Data shown:
- - - - - - -

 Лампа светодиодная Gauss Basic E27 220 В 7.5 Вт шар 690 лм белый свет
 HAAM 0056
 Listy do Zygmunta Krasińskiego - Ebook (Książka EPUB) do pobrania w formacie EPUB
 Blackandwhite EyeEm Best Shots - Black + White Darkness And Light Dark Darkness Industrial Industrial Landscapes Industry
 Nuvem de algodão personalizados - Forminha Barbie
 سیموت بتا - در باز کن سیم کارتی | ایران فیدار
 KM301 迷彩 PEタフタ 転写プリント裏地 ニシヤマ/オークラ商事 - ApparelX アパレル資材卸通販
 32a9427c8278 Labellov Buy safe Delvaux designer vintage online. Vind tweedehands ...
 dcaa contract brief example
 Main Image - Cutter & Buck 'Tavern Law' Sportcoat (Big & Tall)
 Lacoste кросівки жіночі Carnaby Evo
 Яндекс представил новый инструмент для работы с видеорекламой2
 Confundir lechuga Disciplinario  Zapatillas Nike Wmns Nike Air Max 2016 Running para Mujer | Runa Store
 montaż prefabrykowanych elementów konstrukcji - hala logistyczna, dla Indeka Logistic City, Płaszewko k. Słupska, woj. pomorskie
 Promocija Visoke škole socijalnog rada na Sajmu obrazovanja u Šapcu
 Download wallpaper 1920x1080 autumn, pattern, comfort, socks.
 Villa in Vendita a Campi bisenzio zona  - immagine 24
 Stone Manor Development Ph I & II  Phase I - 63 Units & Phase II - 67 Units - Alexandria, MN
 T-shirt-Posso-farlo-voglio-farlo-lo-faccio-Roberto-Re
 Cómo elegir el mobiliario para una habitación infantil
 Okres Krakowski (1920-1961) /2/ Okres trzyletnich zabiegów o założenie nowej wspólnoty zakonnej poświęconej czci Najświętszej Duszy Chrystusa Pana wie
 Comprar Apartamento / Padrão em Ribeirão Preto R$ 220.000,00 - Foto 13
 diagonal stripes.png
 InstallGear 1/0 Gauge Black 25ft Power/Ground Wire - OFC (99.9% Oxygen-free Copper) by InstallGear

- - - - - - -

Exactly as given, set down all of the lines above.

Task result:
 Лампа светодиодная Gauss Basic E27 220 В 7.5 Вт шар 690 лм белый свет
 HAAM 0056
 Listy do Zygmunta Krasińskiego - Ebook (Książka EPUB) do pobrania w formacie EPUB
 Blackandwhite EyeEm Best Shots - Black + White Darkness And Light Dark Darkness Industrial Industrial Landscapes Industry
 Nuvem de algodão personalizados - Forminha Barbie
 سیموت بتا - در باز کن سیم کارتی | ایران فیدار
 KM301 迷彩 PEタフタ 転写プリント裏地 ニシヤマ/オークラ商事 - ApparelX アパレル資材卸通販
 32a9427c8278 Labellov Buy safe Delvaux designer vintage online. Vind tweedehands ...
 dcaa contract brief example
 Main Image - Cutter & Buck 'Tavern Law' Sportcoat (Big & Tall)
 Lacoste кросівки жіночі Carnaby Evo
 Яндекс представил новый инструмент для работы с видеорекламой2
 Confundir lechuga Disciplinario  Zapatillas Nike Wmns Nike Air Max 2016 Running para Mujer | Runa Store
 montaż prefabrykowanych elementów konstrukcji - hala logistyczna, dla Indeka Logistic City, Płaszewko k. Słupska, woj. pomorskie
 Promocija Visoke škole socijalnog rada na Sajmu obrazovanja u Šapcu
 Download wallpaper 1920x1080 autumn, pattern, comfort, socks.
 Villa in Vendita a Campi bisenzio zona  - immagine 24
 Stone Manor Development Ph I & II  Phase I - 63 Units & Phase II - 67 Units - Alexandria, MN
 T-shirt-Posso-farlo-voglio-farlo-lo-faccio-Roberto-Re
 Cómo elegir el mobiliario para una habitación infantil
 Okres Krakowski (1920-1961) /2/ Okres trzyletnich zabiegów o założenie nowej wspólnoty zakonnej poświęconej czci Najświętszej Duszy Chrystusa Pana wie
 Comprar Apartamento / Padrão em Ribeirão Preto R$ 220.000,00 - Foto 13
 diagonal stripes.png
 InstallGear 1/0 Gauge Black 25ft Power/Ground Wire - OFC (99.9% Oxygen-free Copper) by InstallGear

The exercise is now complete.